Linda Evans never fully understood the reach of Dynasty until she arrived in the Australian outback. “I was doing a miniseries at a quite remote location,” she exclusively tells Closer Weekly, on newsstands now. “We got off the plane to refuel at this little airport with nothing but sand and huts. There wasn’t even a building. But all these people ran over shouting, ‘Krystle! Krystle!’ I thought, ‘Oh my God, they’re seeing us everywhere.’”
Few people have ever experienced the worldwide exposure that Linda and her Dynasty costars enjoyed during the show’s 1981 to 1989 run. “You have something that gives you this gift of being loved by the world. And there’s success, money and stardom — which everybody thinks is so important — but the biggest downside is that you lose your freedom,” Linda, 78, explains. “You have absolutely no privacy. That’s the price you pay.”
In the years since leaving Dynasty, Linda has recovered her personal life. Today, she makes her home in the Pacific Northwest, where she lives a largely private existence. She still acts occasionally and often travels to give talks on women’s topics. “I’m very content in my life,” Linda says. “Living up here has been a dream come true.”
Did you always plan to be an actress?
Not at all! In high school, my best friend was up for a commercial, and I went along to keep her company. The director came out and pointed at me. My father had just passed away, and my mom was on Social Security, so it was not possible to say no because the money was good.
Didn’t you meet your future Dynasty costar John Forsythe as a teenage actress?
Yes! They sent me out for [a sitcom] Bachelor Father, starring John. He gave me my first speaking part. I was 15.
A few years later, you played Barbara Stanwyck’s daughter on Big Valley. What was she like?
She was just an exceptional human being. She mentored me and took me under her wing. When my mother passed, Barbara came over and said, ‘Audra’ — that was my character’s name, she never called me Linda — ‘Audra, I will never replace your mother, but I will be your mom now.’ And she really was there for me until she passed.
Did she teach you how to do stunts?
The biggest lesson she taught me was how to be professional, but she loved to do her own stunts. She’d be so excited. She’d say, ‘It’s runaway carriage day!’ Or ‘It’s the burning building day.’ She’d become like a little girl. She’d get so excited.
What else do you remember about your time on Big Valley?
It was an interesting time for me. I had married John Derek. He was a major actor for years, but didn’t want me to work — he only wanted me to work with him.
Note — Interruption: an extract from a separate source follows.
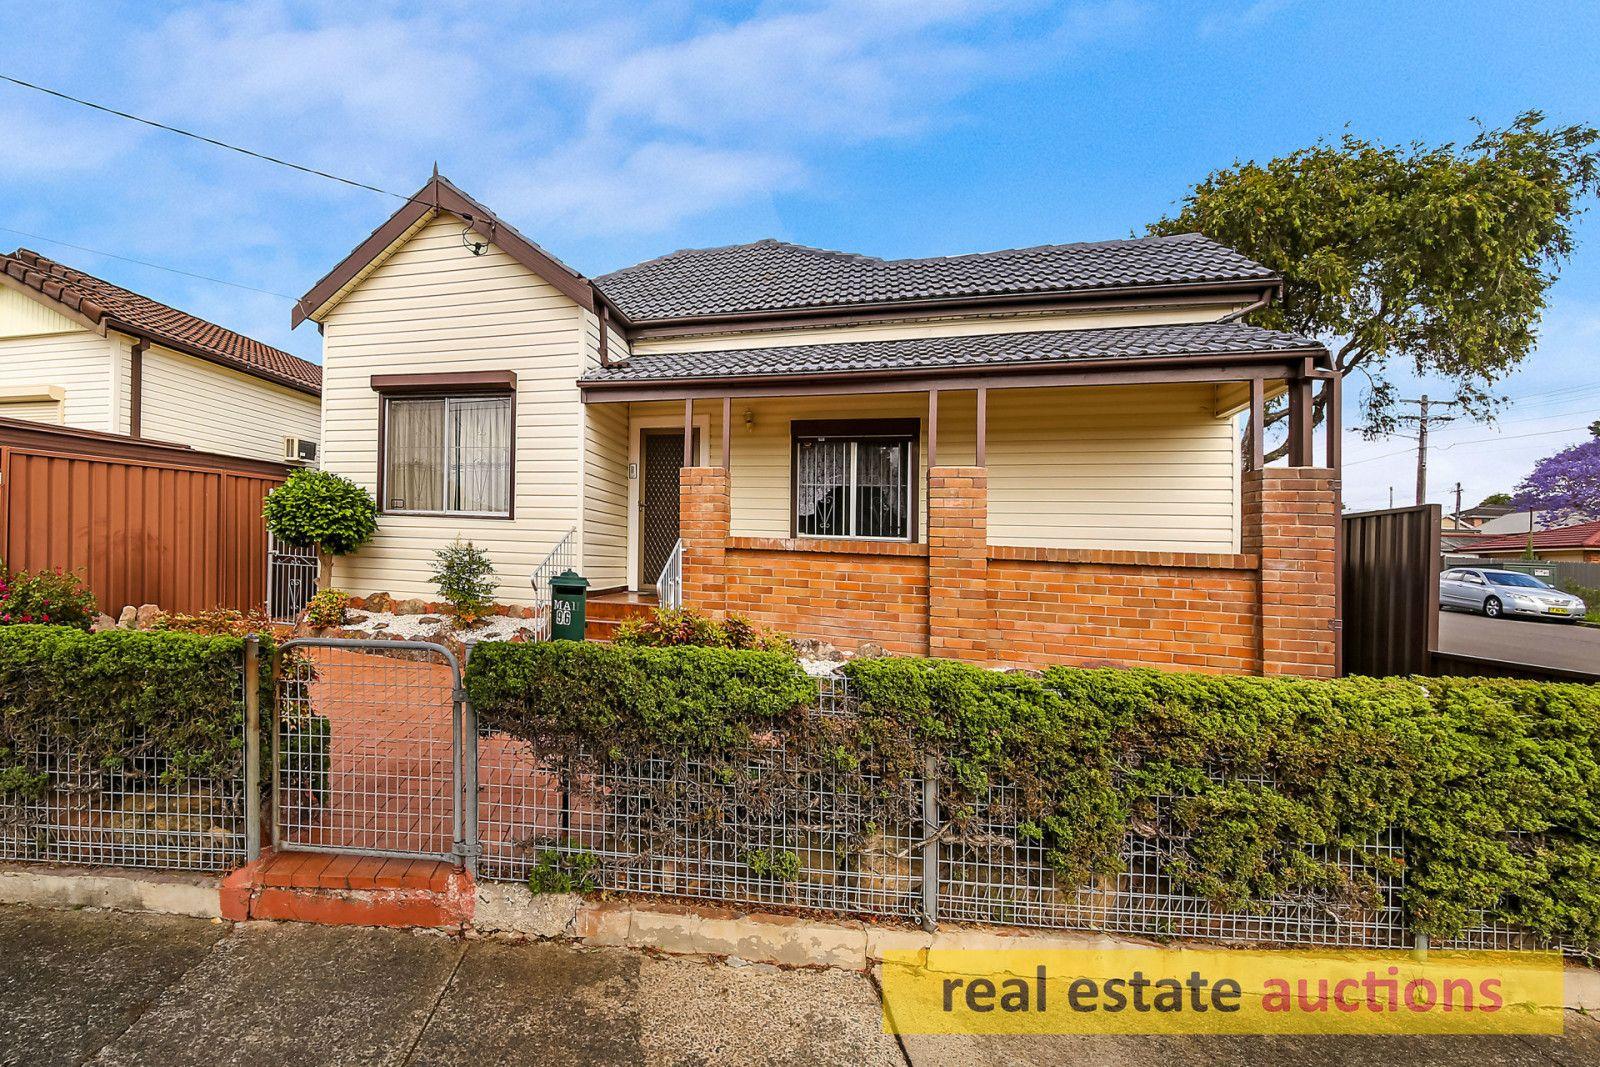 96 DUDLEY STREET, Berala NSW 2141, Image 0

So it was difficult. It was like having two separate lives. But the show itself was wonderful. I have been fortunate to only do TV series with wonderful people.
Which brings us to Dynasty!
I was almost 40, and bless [producer] Aaron Spelling because he chose me at my age instead of someone younger. And also Joan Collins at her age. He took a chance on two so-called older women. It was an absolute dream come true.
Did you and Joan get along?
We never had one personal fight in the nine years we did the show together. It was just that when the camera rolled, they wrote us to beat each other up.
Were those fight scenes fun to film?
Fight scenes are tricky because you have dialogue while all this activity is going on. But I was comfortable with stunts. Joan loves verbal confrontation, not physical, so it was more challenging for her, but she was a trouper. There were always a lot of laughs because it was so absurd.
Do you have a favorite Krystle and Alexis fight scene?
I think the lily pond was the most fun because it was a challenge. It was only four or five feet deep, so we had to be on our hands and knees to fight each other. It took an entire day to film but we had fun.
Who were you closest to in the cast?
John. He was just the most delightful, charming, beautiful human being. And he was married to an amazing woman, Julie. We got along so well. For years, we traveled all around the world together. Until he passed, we were very, very close friends.
You left the show a year before it ended. Was that hard?
The last three years of Dynasty, we were so successful that I had no days off. Not to knock it, because it was a gift from God, but I knew I wanted more out of my life. Still, I didn’t know the show was ending or I would have stuck out the last year. In fact, I hadn’t counted on the terrible withdrawal. After so many years in such closeness with everybody, it had become my family. I just went into such a sadness that I hadn’t counted on.
You’ve also recently begun acting again.
I’ve waited until I was 78 to start again, but I’ve never done anything normal in my life! When someone sends me a script, if it makes me curious and touches my heart, I’m in.
Tell us about the talks you have been giving to women.
It’s become my passion. I love talking to women on different subjects that I share with them. It’s just a joy. One of my talks is about loving yourself. How when you get older you need to let go of the unimportant things and focus on what’s important.
Do you mind aging?
I’ll tell you something, I would not be young again for anything! The wisdom we have is the most valuable thing. I would never do anything that would take back the mind that I have right now.
Are you dating?
No. And you know why? Because I am so happy. I never knew being alone could be so delightful. I’m rich because I have family and friends living all around me. My sister is on one side. My nephew is on the other. One of my dearest friends just moved one block away. We don’t have to have a man, to be happy — not that you couldn’t be with a man — but I’m just happy.